The deadly book did not belong there either. The bookshelf held only works she had read and liked, and decided to keep so she could go back to them from time to time. She might have liked this one—the title was promising—but she definitely would not be reading it. Even if she’d wanted to, how would it be possible? She would never get beyond the second page. The dearly departed do not read.
She took the book out gingerly with her thumb and index finger, as though removing an explosive device. She stepped back from the bookshelf again and reflected. What should she do with it? She knew what she’d do if it were a run-of-the-mill volume. Books she didn’t like were taken to the secondhand bookstore and sold at a loss or given to a friend with different reading habits.
This was clearly out of the question. She couldn’t have an innocent soul on her conscience, particularly that of a friend. Others might be totally oblivious to the impending danger. After finishing the first page they would turn it unsuspectingly and start to read the second, and that would be the last one they ever began. If she allowed this to happen, she would be as culpable as a callous terrorist.
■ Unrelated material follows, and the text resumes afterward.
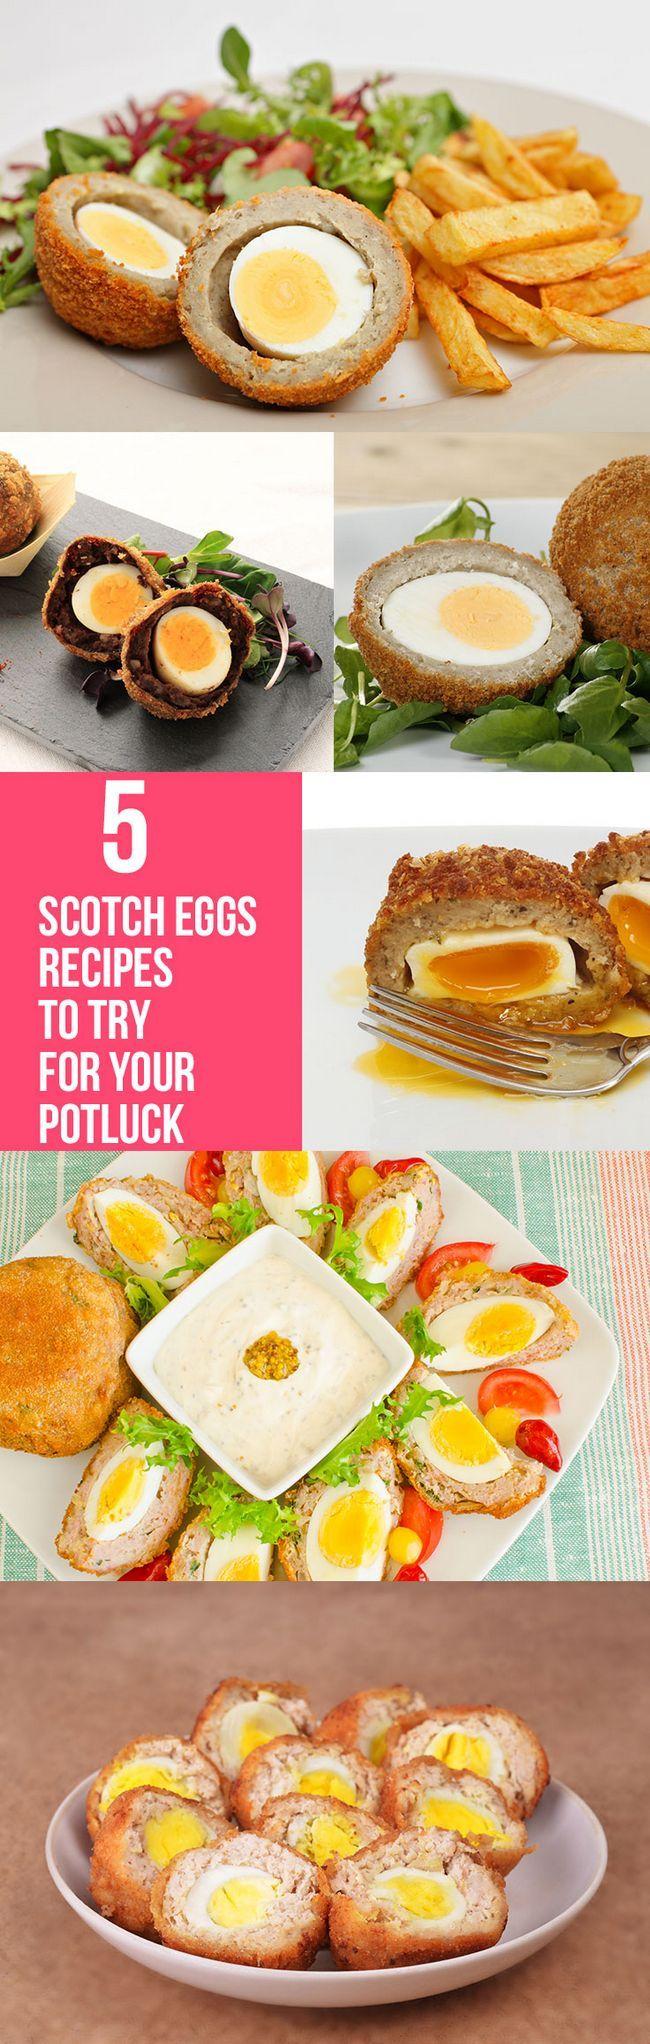 Top 5 Scotch Egg Rezepte für Ihre potluck versuchen

She had no choice. She had to commit the ultimate sacrilege: throw the book in the garbage. She felt terrible about it, but this would at least prevent a much greater misfortune. She headed for the kitchen and had already raised the lid of the garbage can, when it occurred to her that she couldn’t get rid of it that casually.
Someone might find it at the dump before it was destroyed. There are those who sift through the garbage looking for things that can still be used. They wouldn’t necessarily start reading it. People who hang around dumps aren’t inclined to do that in general. But they would be in mortal danger if they just leafed through it.
She lowered the lid. The book had to be destroyed before she threw it in the garbage. That way no one would come to any harm. This was even more unpleasant, but what else could she do? And then a new problem cropped up. How was she going to do it? She couldn’t keep her eyes open as she tore up the pages. That would be the same as continuing to read after the first page. She would have to tear them up sight unseen.
She took a long woollen scarf out of the clothes closet and went back to the kitchen. Sitting down at the table, she placed the book in front of her and firmly bound her eyes. She made two knots at the back of her head just in case, then put her hands in front of her face to make sure she couldn’t see anything.
The torment that filled her because of what she was doing was short-lived. It was driven away by the realization that this had to be done. She tore up the book patiently and methodically, page by page. The task turned out to be easier than she imagined. When she felt for the pile of torn-up paper, she was satisfied to find it constantly growing.
When only the cover was left, she removed the blindfold. She took a large plastic bag, filled it with the torn paper, added the cover, then put everything into the garbage can. There. Now this terrible book could not hurt anyone. It had been a stroke of luck that she’d gotten hold of it first.